S&P Dow Jones Indices a rapporté le 28 juillet, heure locale, que les prix des logements aux États-Unis ont progressé de 1,1% en glissement annuel en mai, selon l’indice national S&P CoreLogic Case-Shiller des prix des logements, s’accélérant par rapport à la hausse de 0,9% d’avril. Les indices composites à 10 villes et à 20 villes ont enregistré des progressions annuelles de 2,4% et 1,6% respectivement, contre 1,8% et 1,2% en avril. Rebecca Kaufman, responsable produit chez S&P, a souligné que si les prix nominaux des logements ont augmenté de 1,1% en mai, l’inflation a atteint 4,2% au cours du même mois—son plus haut niveau sur trois ans—ce qui indique que les prix réels des logements continuent de baisser. Les hausses mensuelles reflètent une vigueur saisonnière généralement associée à la saison printanière de l’achat immobilier, mais la demande reste freinée par des coûts d’emprunt élevés, les taux des prêts hypothécaires à 30 ans grimpant à 6,5% en mai.
Résultats de l’indice de mai : divergence au niveau des villes
Sur une base non corrigée des variations saisonnières, l’indice national a augmenté de 0,6% d’un mois sur l’autre en mai, tandis que les indices à 10 villes et à 20 villes ont tous deux progressé de 0,9% par rapport à avril. Chicago a enregistré la plus forte hausse annuelle, à 6,9%, suivie de New York à 4,2% et de Cleveland à 3,1%. Las Vegas a été la seule ville à afficher une baisse, tombant à -1,9% en glissement annuel.
Tendance de l’indice S&P CoreLogic Case-Shiller.
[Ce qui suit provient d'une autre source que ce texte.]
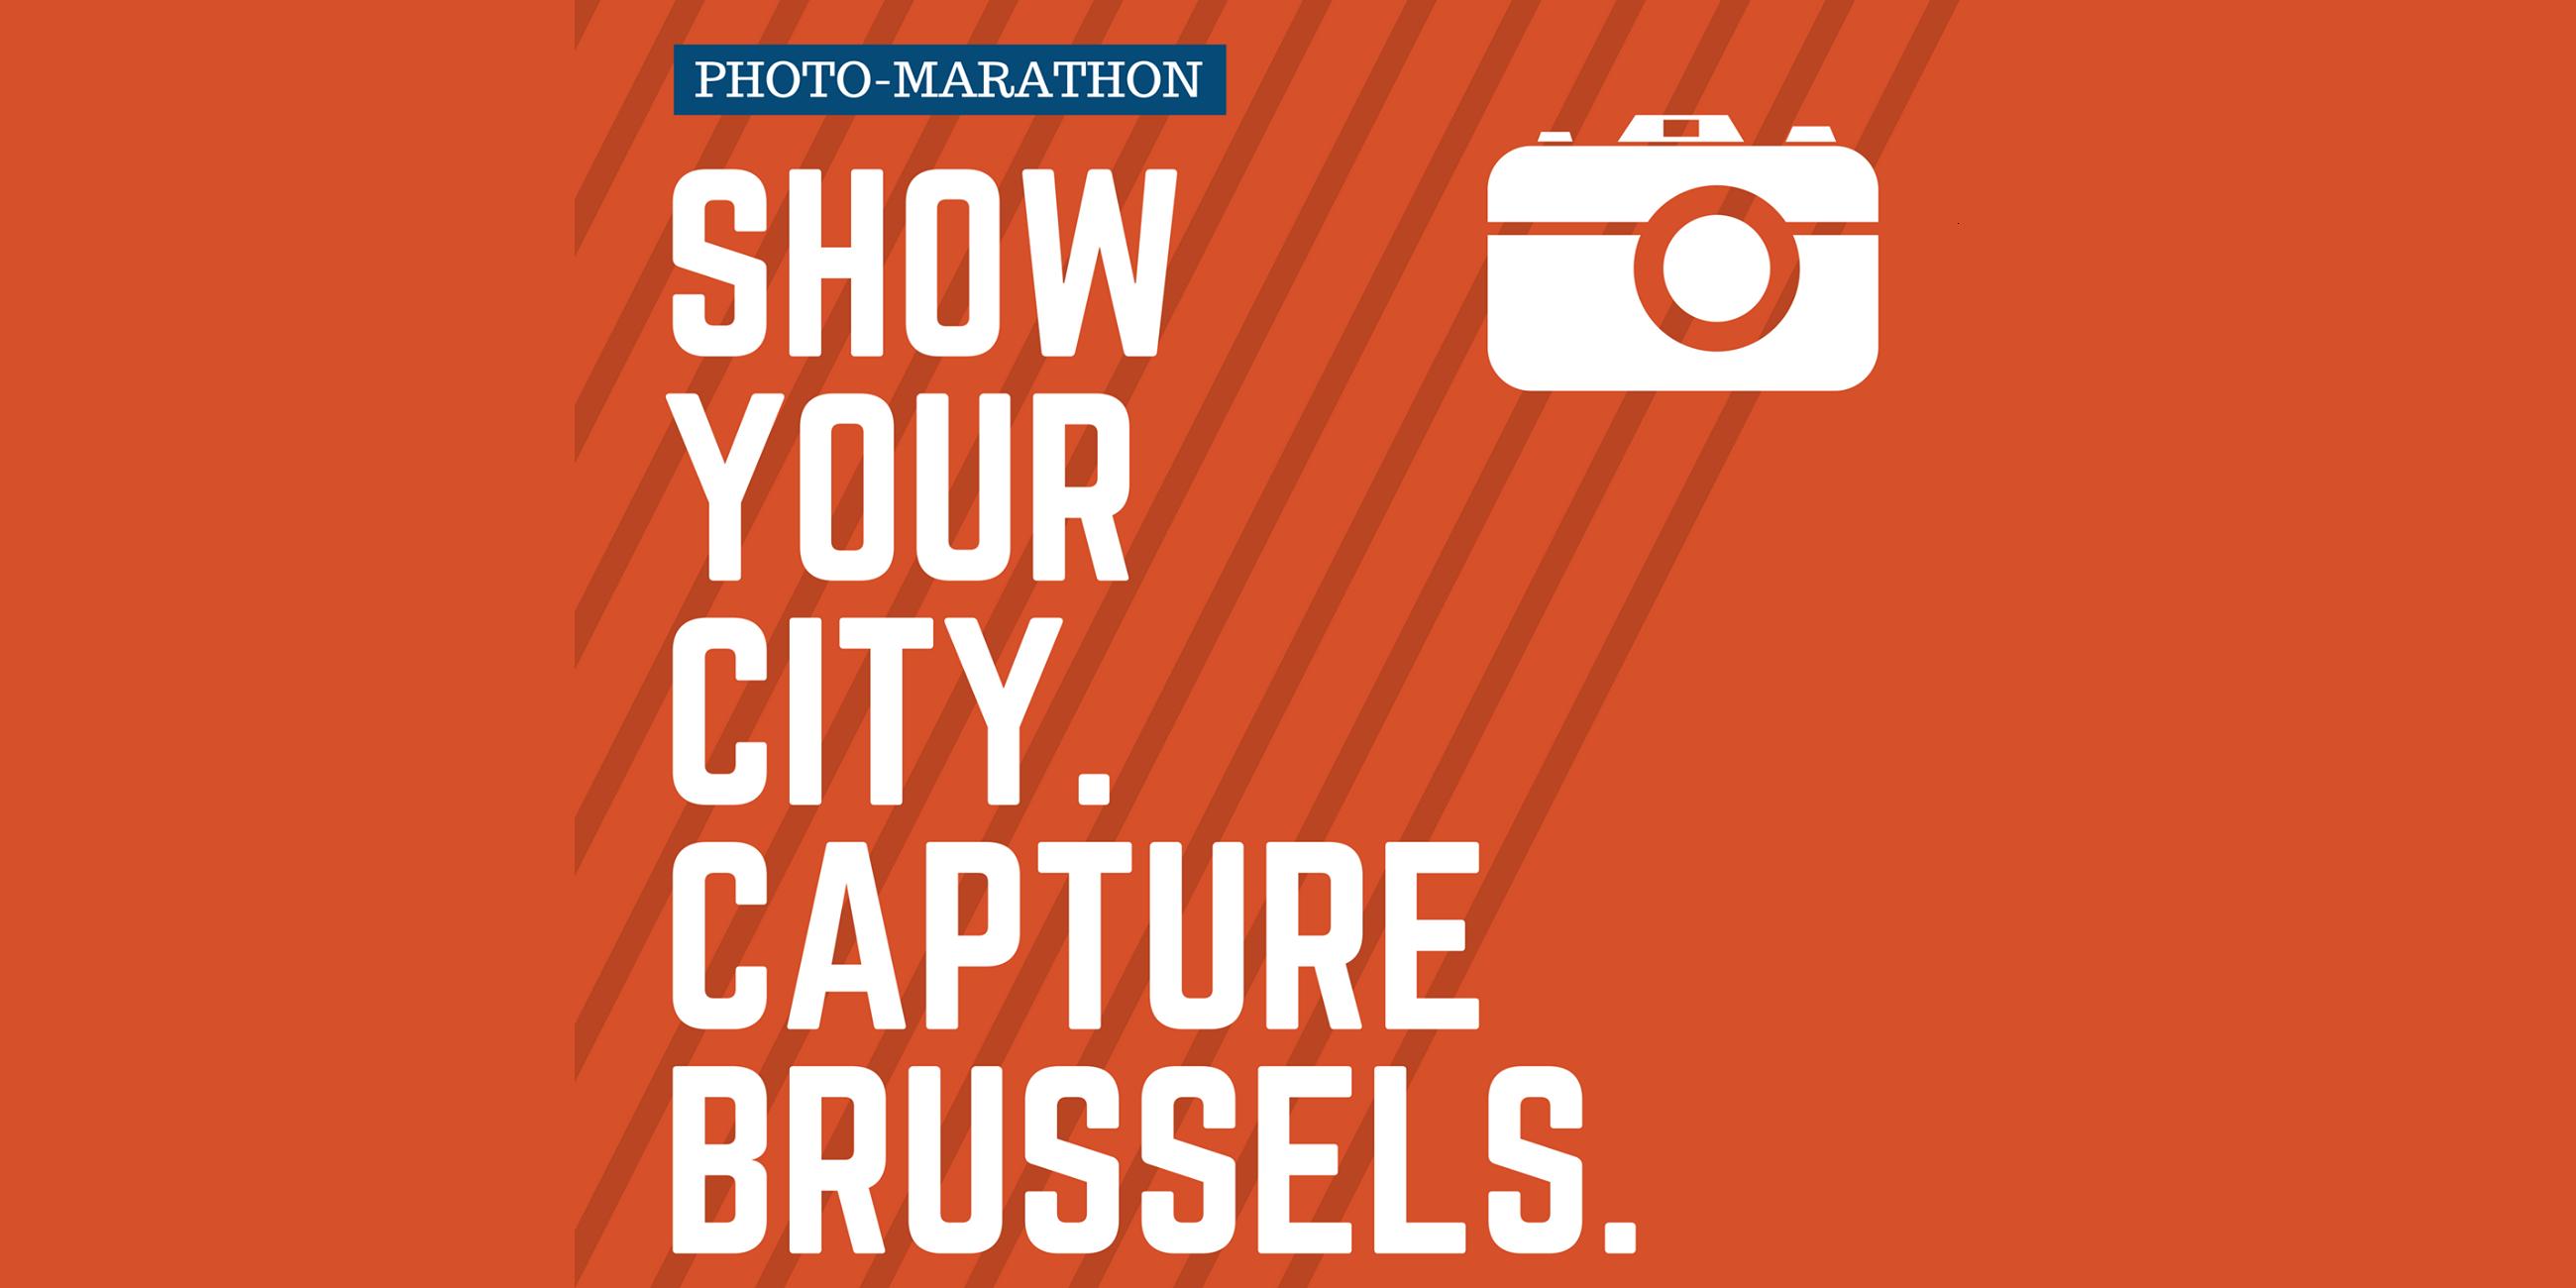 Fotomarathon Capture Brussels

Source : S&P Dow Jones Indices
Points clés de l’analyste S&P : baisse des prix réels malgré l’inflation
Rebecca Kaufman a indiqué que la hausse nominale des prix de 1,1% en mai tranche nettement avec le taux d’inflation de 4,2% enregistré le même mois, suggérant une érosion continue des prix réels. Elle a expliqué que le niveau des taux des prêts hypothécaires à 30 ans, atteignant 6,5% en mai—bien au-dessus des taux ultra-faibles de 3% observés auparavant—, combiné à une inflation persistante, maintient élevés à la fois les coûts du financement immobilier et les dépenses de subsistance pour les acheteurs potentiels. Kaufman a ajouté que cet environnement continue de limiter la demande de logement, avec des coûts d’emprunt élevés qui empêchent les acheteurs potentiels d’entrer sur le marché. Elle a noté que les hausses mensuelles des prix correspondent aux schémas saisonniers typiquement observés pendant la saison printanière de l’achat immobilier.
FAQ
Que mesure l’indice des prix des logements S&P CoreLogic Case-Shiller ?
L’indice S&P CoreLogic Case-Shiller des prix des logements suit l’évolution des valeurs de l’immobilier résidentiel aux États-Unis. L’indice national en mai a progressé de 1,1% en glissement annuel, tandis que les indices composites à 10 villes et à 20 villes ont augmenté de 2,4% et 1,6% respectivement.
Pourquoi S&P a-t-il dit que les prix réels des logements baissent malgré des hausses nominales ?
Rebecca Kaufman de S&P a indiqué que si les prix nominaux des logements ont augmenté de 1,1% en mai, l’inflation a atteint 4,2% au cours du même mois—son plus haut niveau sur trois ans—ce qui signifie que les prix des logements ont reculé en termes réels après ajustement de l’inflation. Elle a cité des taux hypothécaires élevés de 6,5% et des coûts de la vie élevés comme facteurs limitant la demande des acheteurs.